Output word for word the lines from the one with "Макияж для беременной фотосессии" to the final line of the data, both ends included, but skip the pictures.

··· DATA SEGMENT

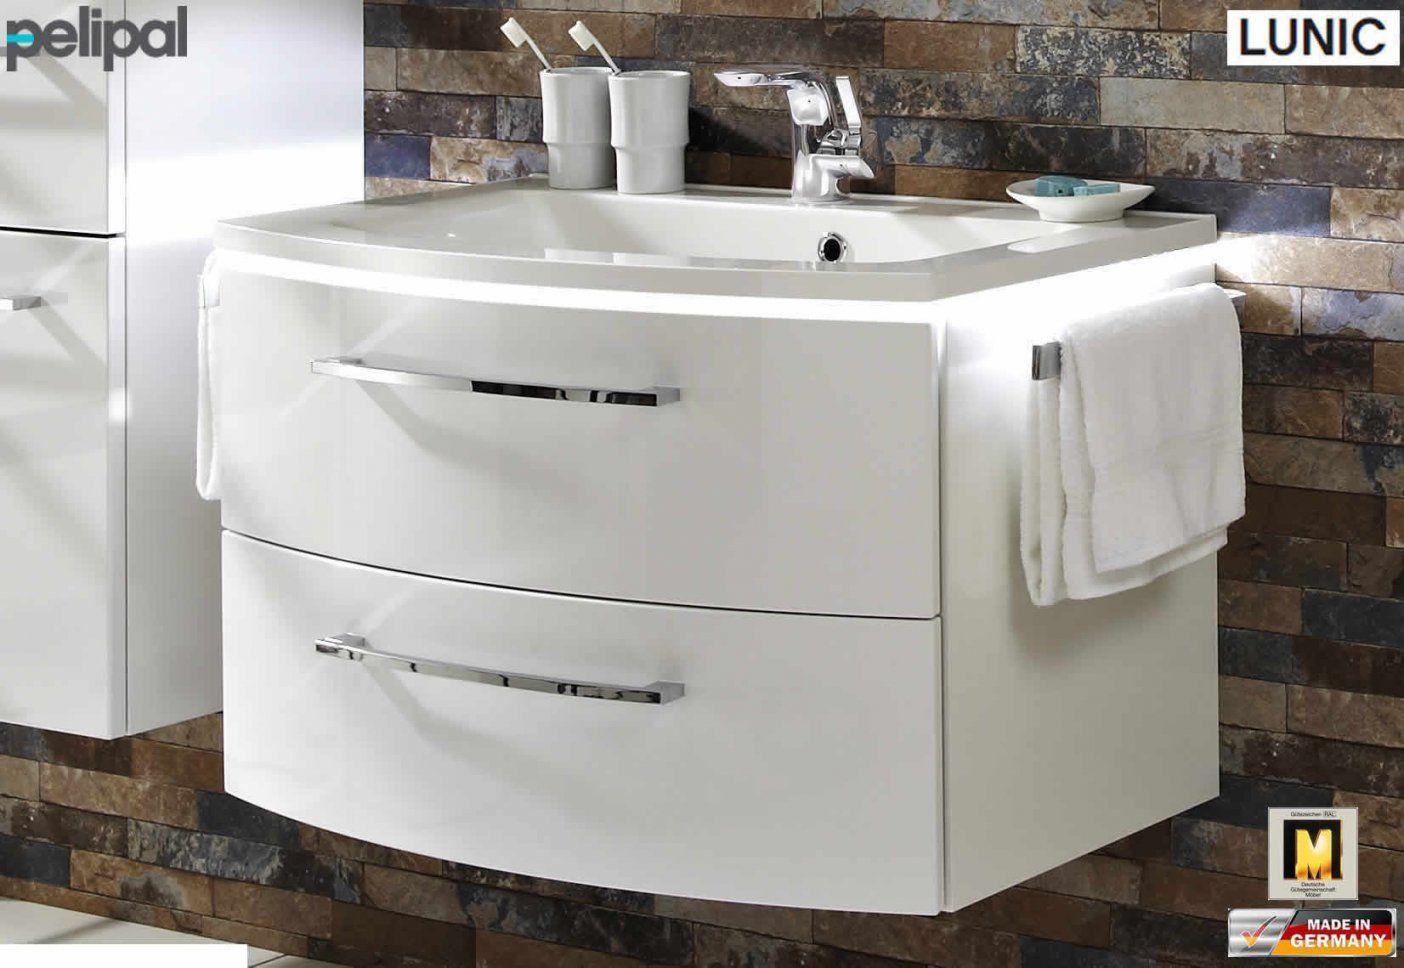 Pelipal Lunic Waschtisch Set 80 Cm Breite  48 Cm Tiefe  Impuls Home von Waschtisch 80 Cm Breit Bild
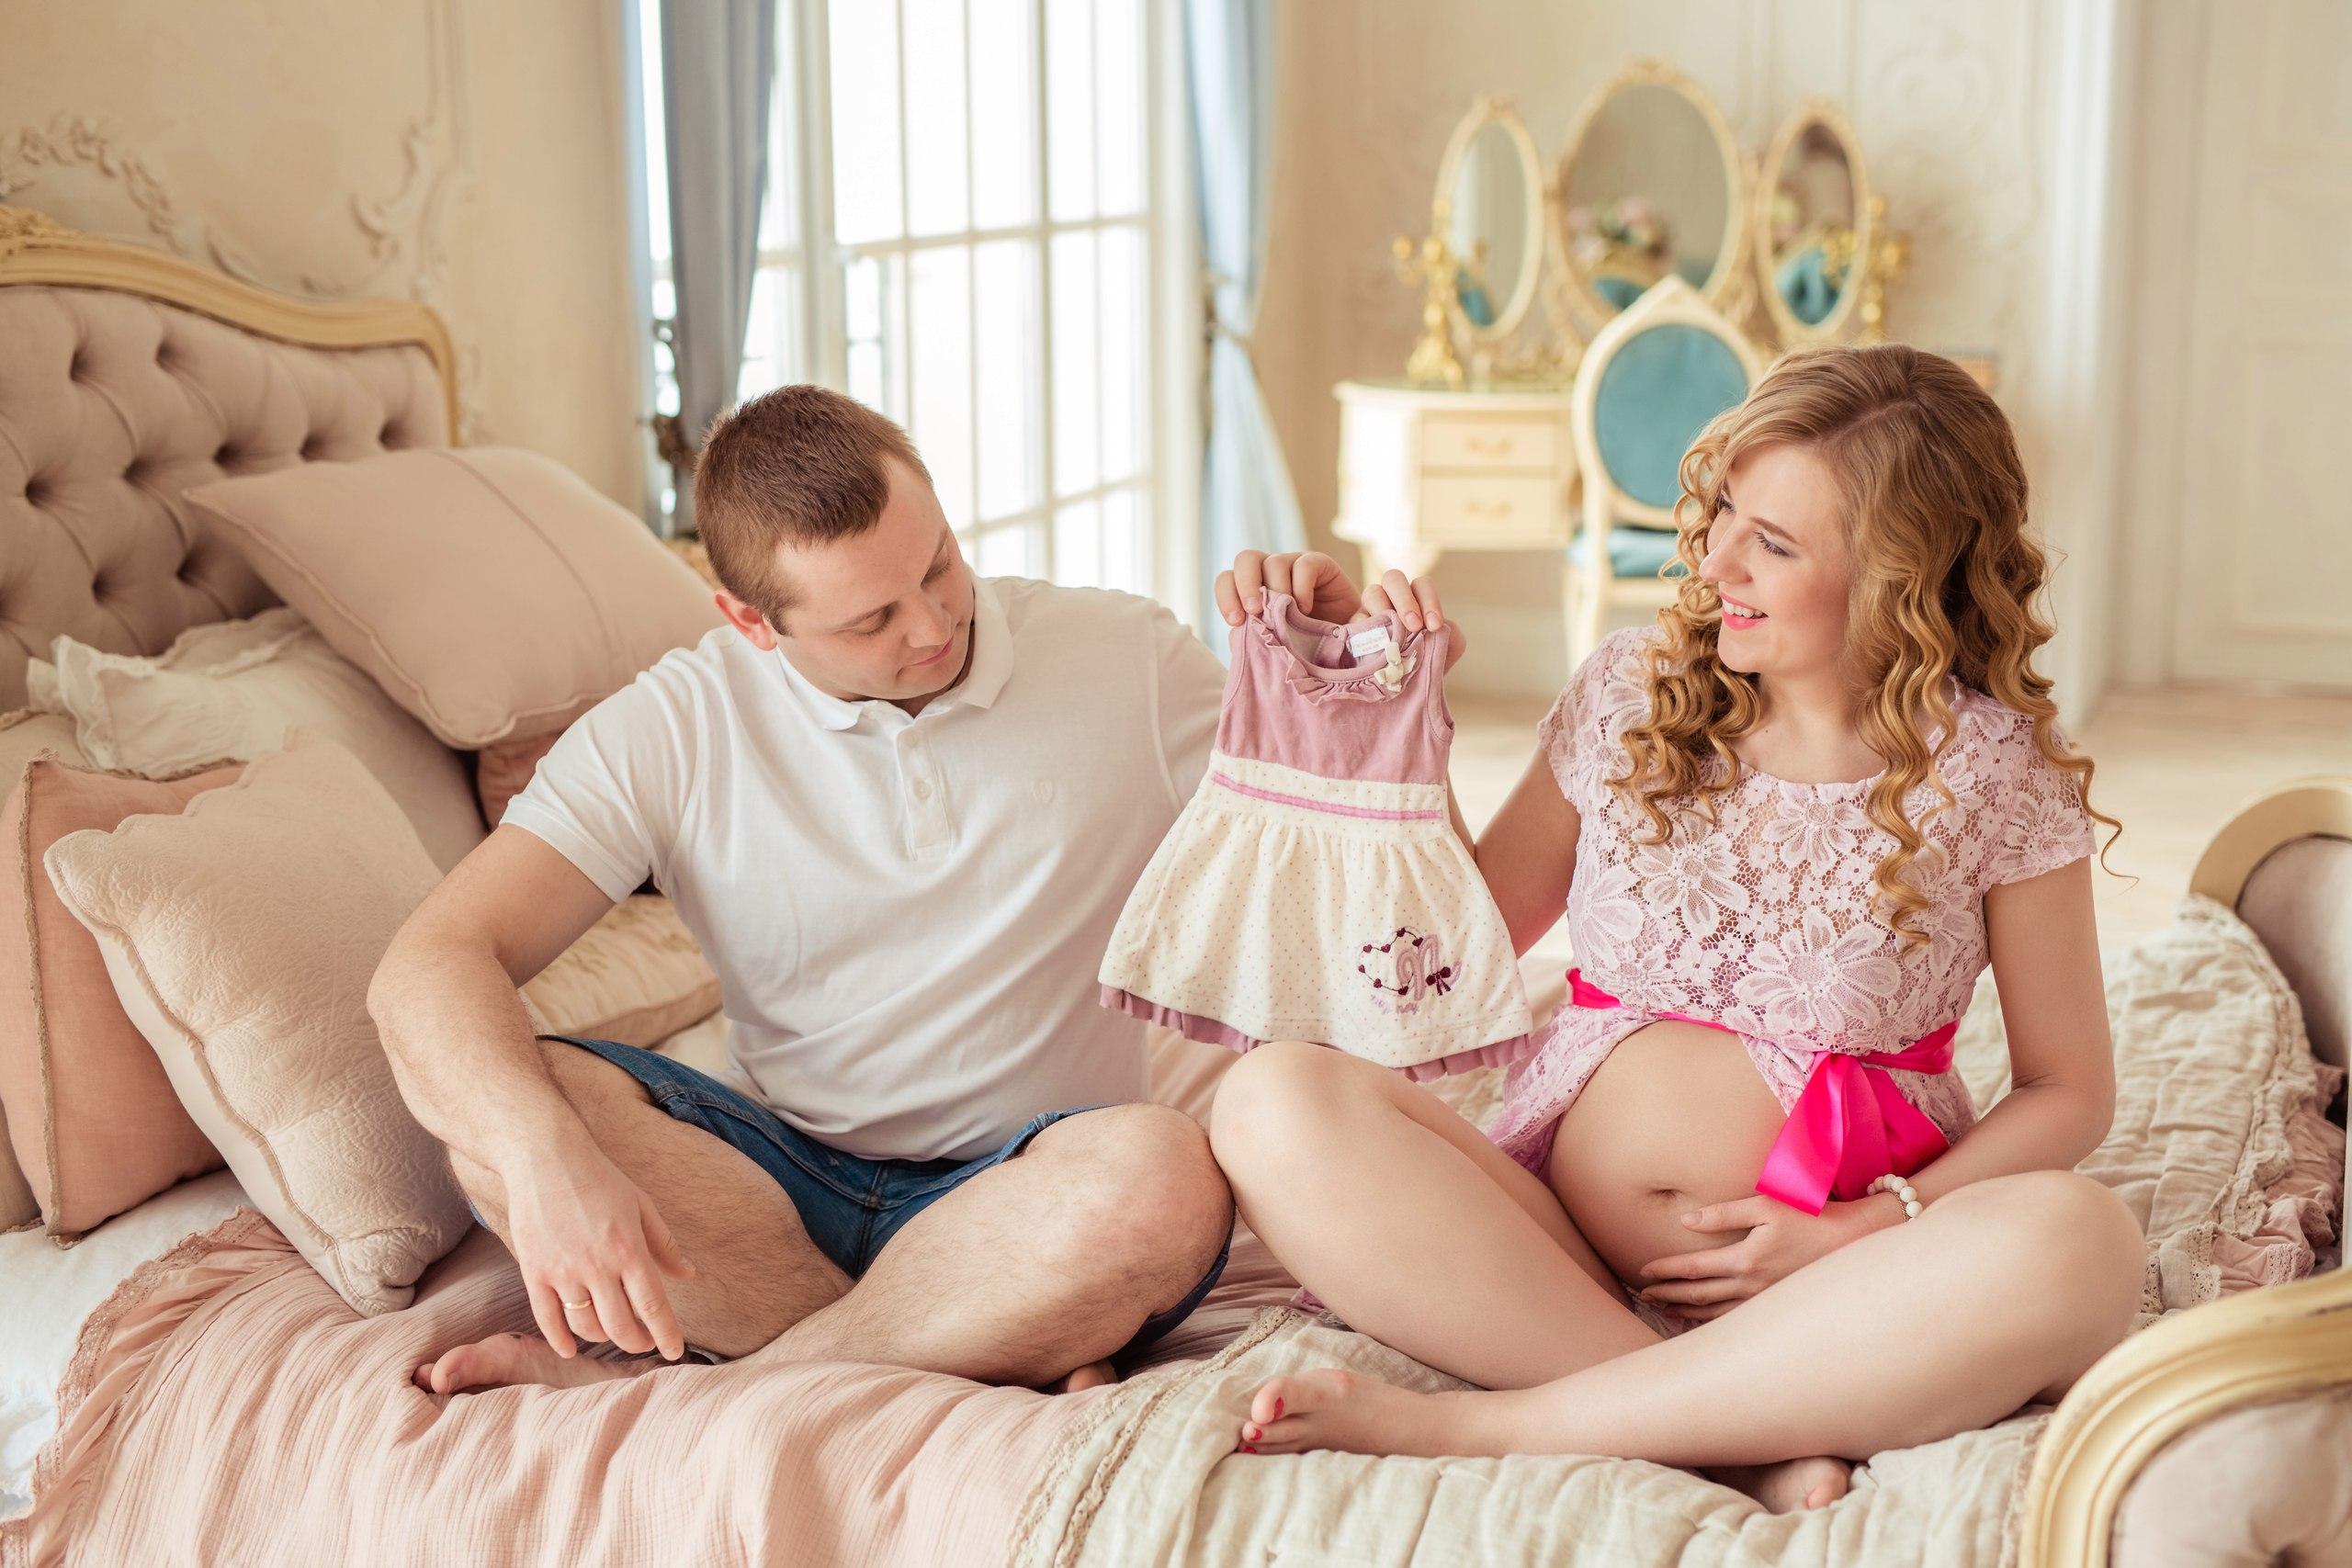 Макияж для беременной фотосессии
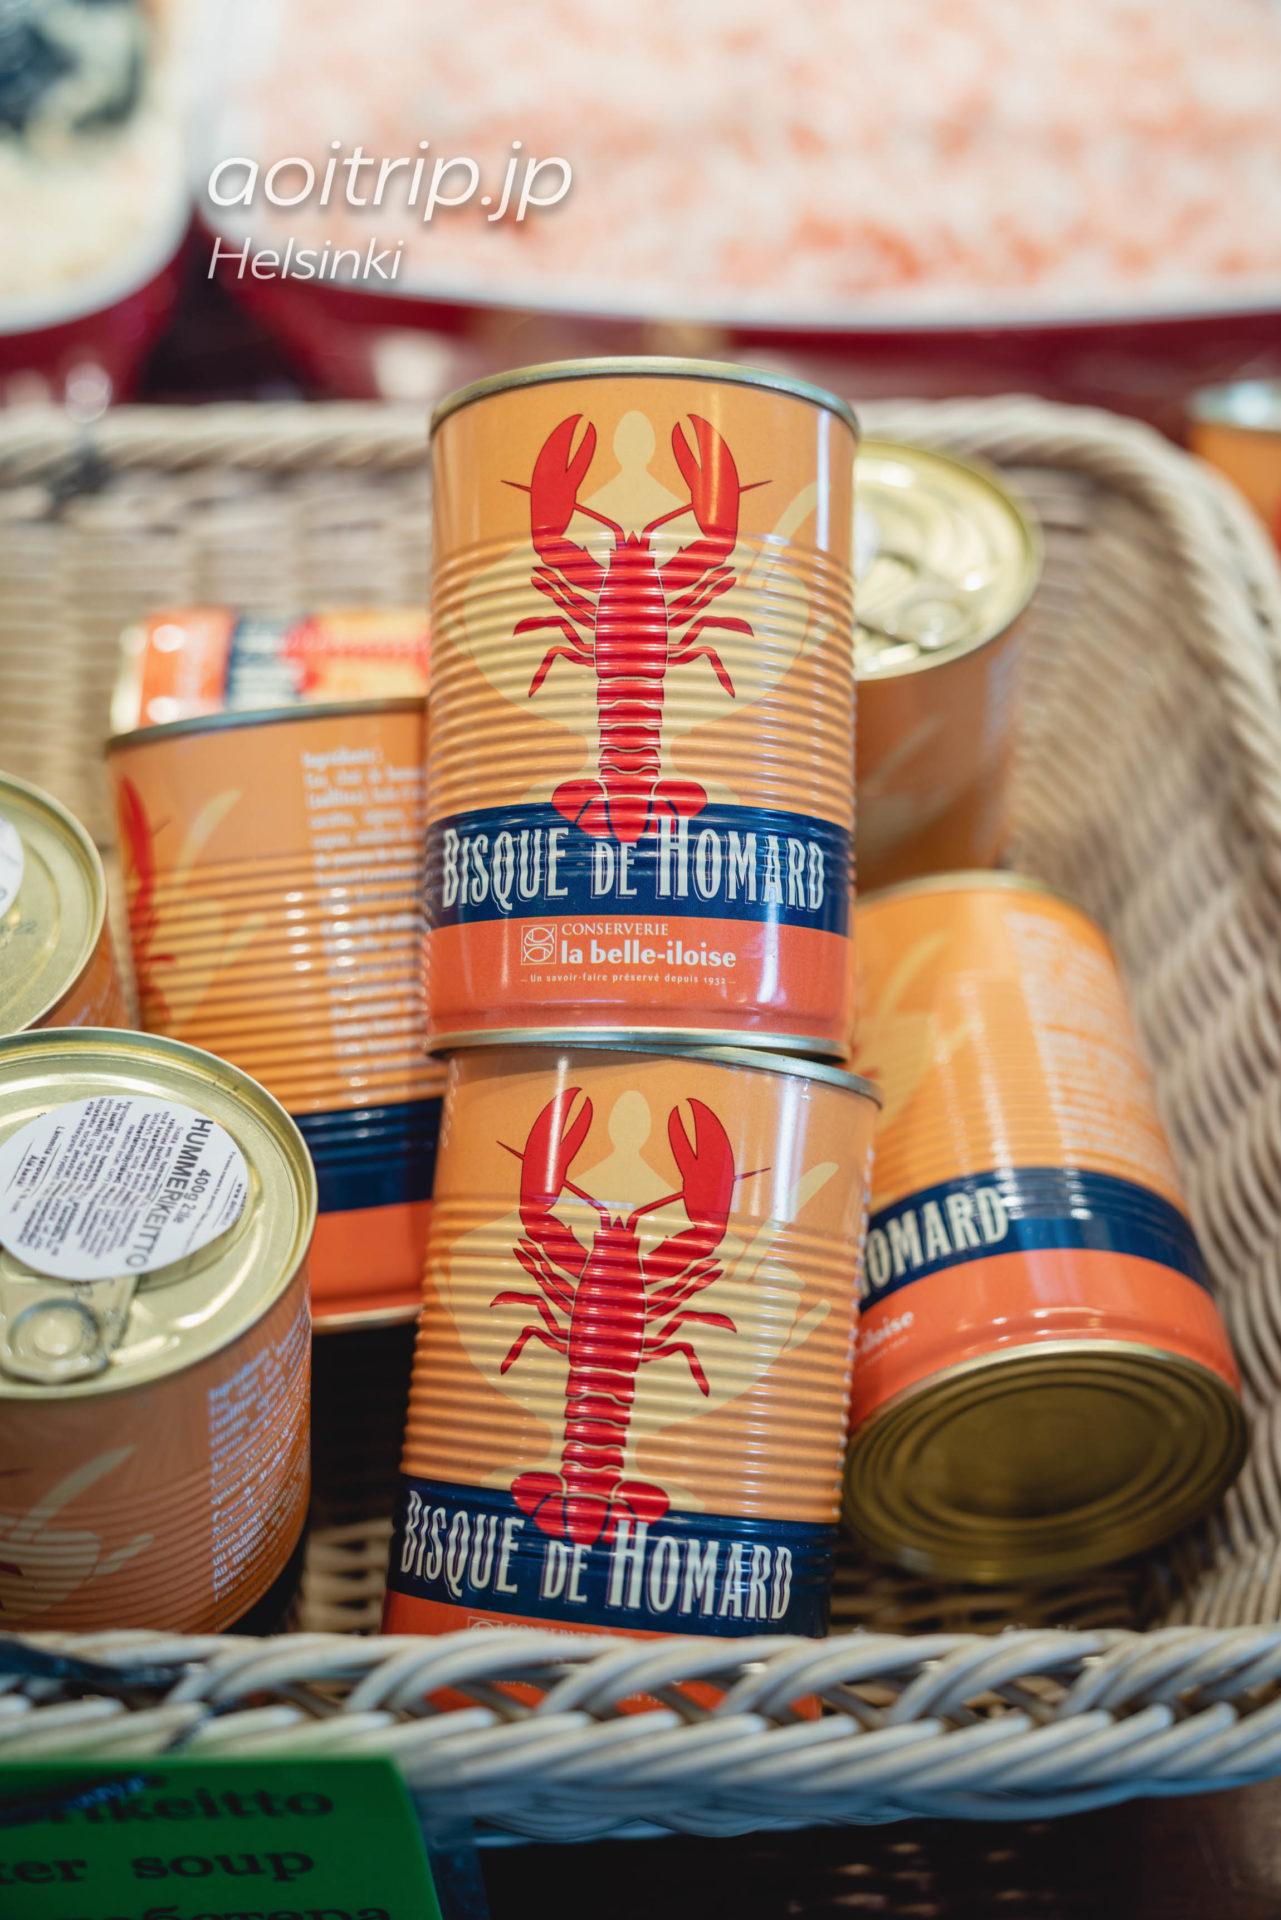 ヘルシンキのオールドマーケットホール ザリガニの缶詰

······

__RESPONSE FOR THIS EXERCISE__
 Макияж для беременной фотосессии
 ヘルシンキのオールドマーケットホール ザリガニの缶詰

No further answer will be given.